After swiftly recovering from the sack of Rome, the Romans immediately resumed their expansion within Italy. Despite their successes, their mastery of the whole of Italy was by no means assured. The Samnites were a people just as martial and as rich as the Romans and had the objective of their own to secure more lands in the fertile Italian plains on which Rome itself lay. The First Samnite War of between 343 BC and 341 BC that followed widespread Samnite incursions into Rome's territory was a relatively short affair: the Romans beat the Samnites in both the Battle of Mount Gaurus in 342 BC and the Battle of Suessula in 341 BC but were forced to withdraw from the war before they could pursue the conflict further due to the revolt of several of their Latin allies in the Latin War.

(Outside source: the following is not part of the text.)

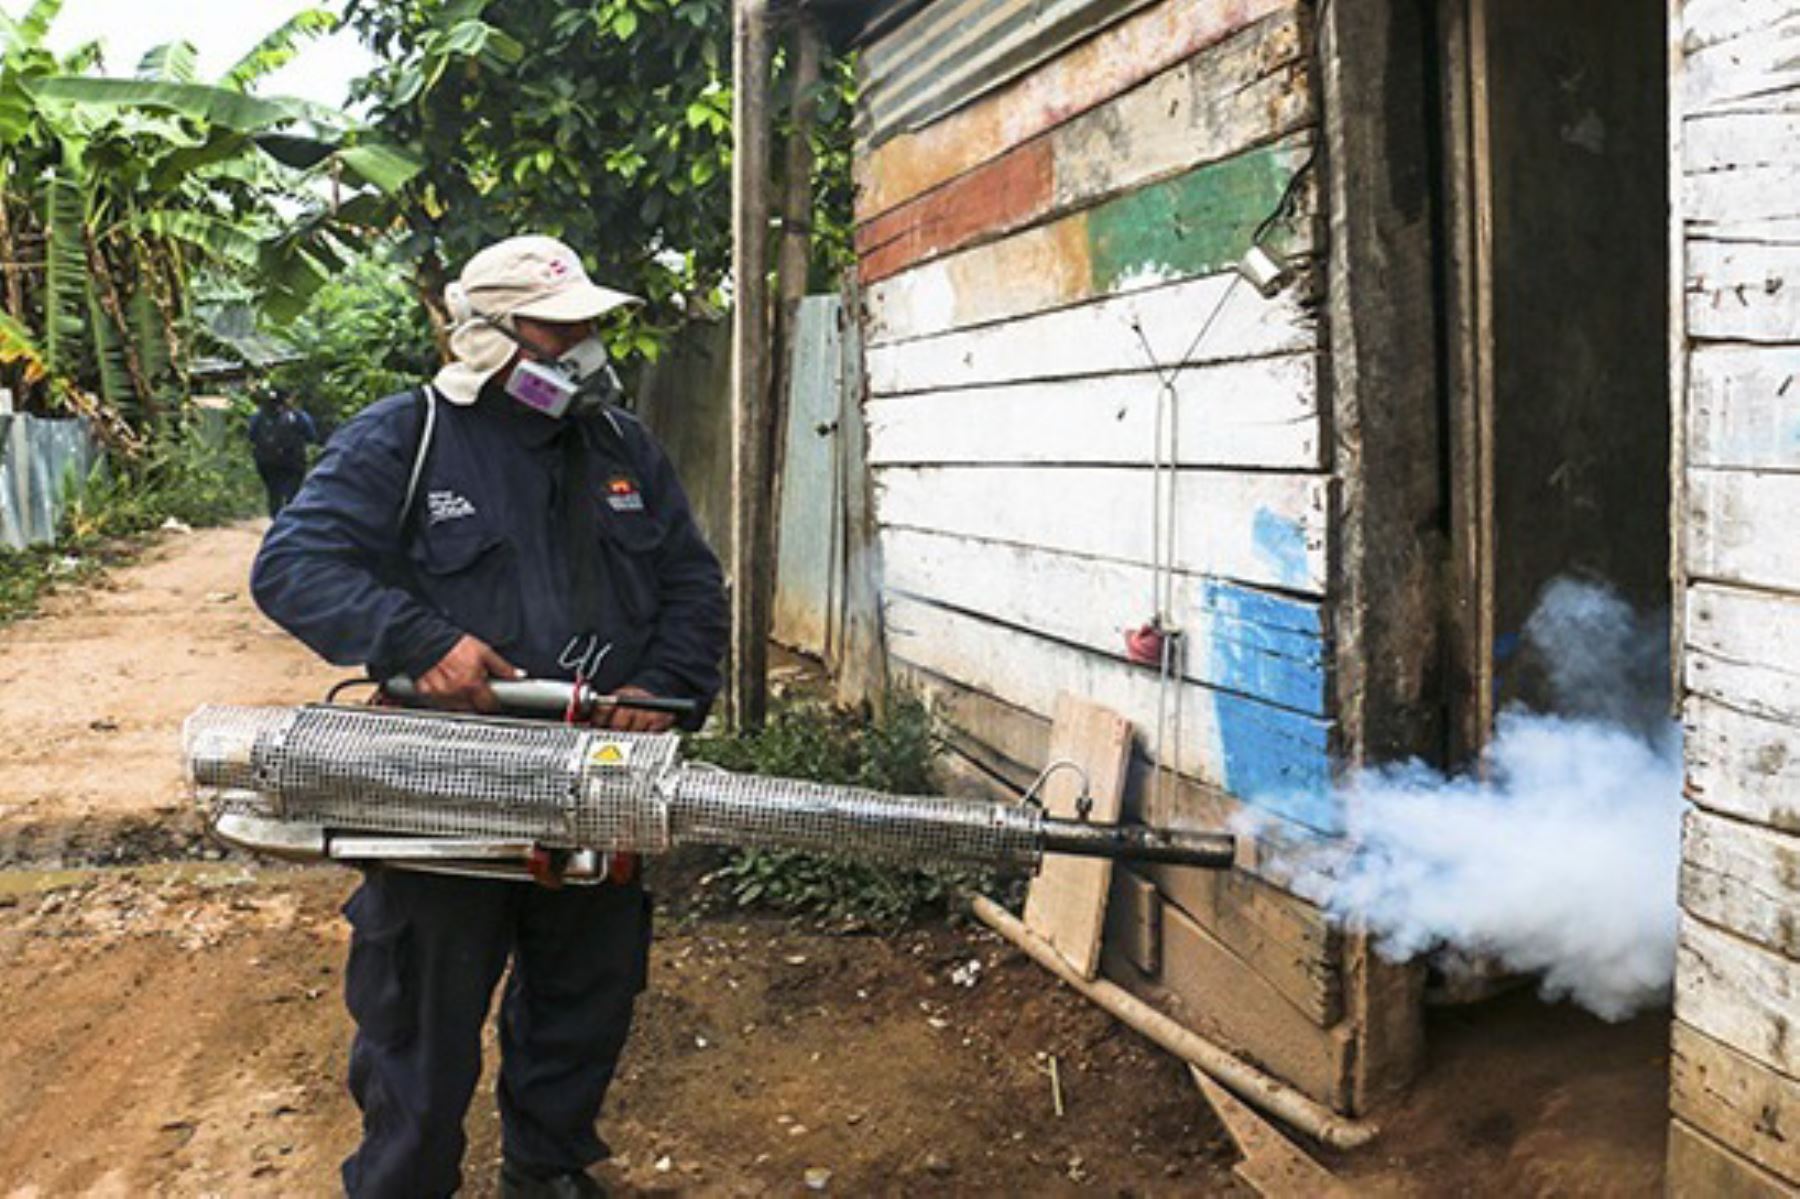 Para conocer el detalle del plan de acciones que desarrolla el Ministerio de Salud ante los casos de dengue reportados en esta zona, la ministra Elizabeth Hinostroza llegó hoy a la ciudad de Quillabamba, junto a un equipo técnico que evaluará la capacidad de respuesta de la red local de salud. ANDINA/archivo

Rome was therefore forced to contend by around 340 BC against both Samnite incursions into their territory and, simultaneously, in a bitter war against their former allies. Rome bested the Latins in the Battle of Vesuvius and again in the Battle of Trifanum, after which the Latin cities were obliged to submit to Roman rule. Perhaps due to Rome's lenient treatment of their defeated foe, the Latins submitted largely amicably to Roman rule for the next 200 years.

The Second Samnite War, from 327 BC to 304 BC, was a much longer and more serious affair for both the Romans and Samnites, running for over twenty years and incorporating twenty-four battles that led to massive casualties on both sides. The fortunes of the two sides fluctuated throughout its course: the Samnites seized Neapolis in the Capture of Neapolis in 327 BC, which the Romans then re-captured before losing at the Battle of the Caudine Forks and the Battle of Lautulae. The Romans then proved victorious at the Battle of Bovianum and the tide turned strongly against the Samnites from 314 BC onwards, leading them to sue for peace with progressively less generous terms. By 304 BC the Romans had effectively annexed the greater degree of the Samnite territory, founding several colonies. This pattern of meeting aggression in force and so inadvertently gaining territory in strategic counter-attacks was to become a common feature of Roman military history.

Seven years after their defeat, with Roman dominance of the area looking assured, the Samnites rose again and defeated the Romans at the Battle of Camerinum in 298 BC, to open the Third Samnite War. With this success in hand they managed to bring together a coalition of several previous enemies of Rome, all of whom were probably keen to prevent any one faction dominating the entire region. The army that faced the Romans at the Battle of Sentinum in 295 BC included Samnites, Gauls, Etruscans and Umbrians. When the Roman army won a convincing victory over these combined forces it must have become clear that little could prevent Roman dominance of Italy and in the Battle of Populonia (282 BC) Rome destroyed the last vestiges of Etruscan power in the region.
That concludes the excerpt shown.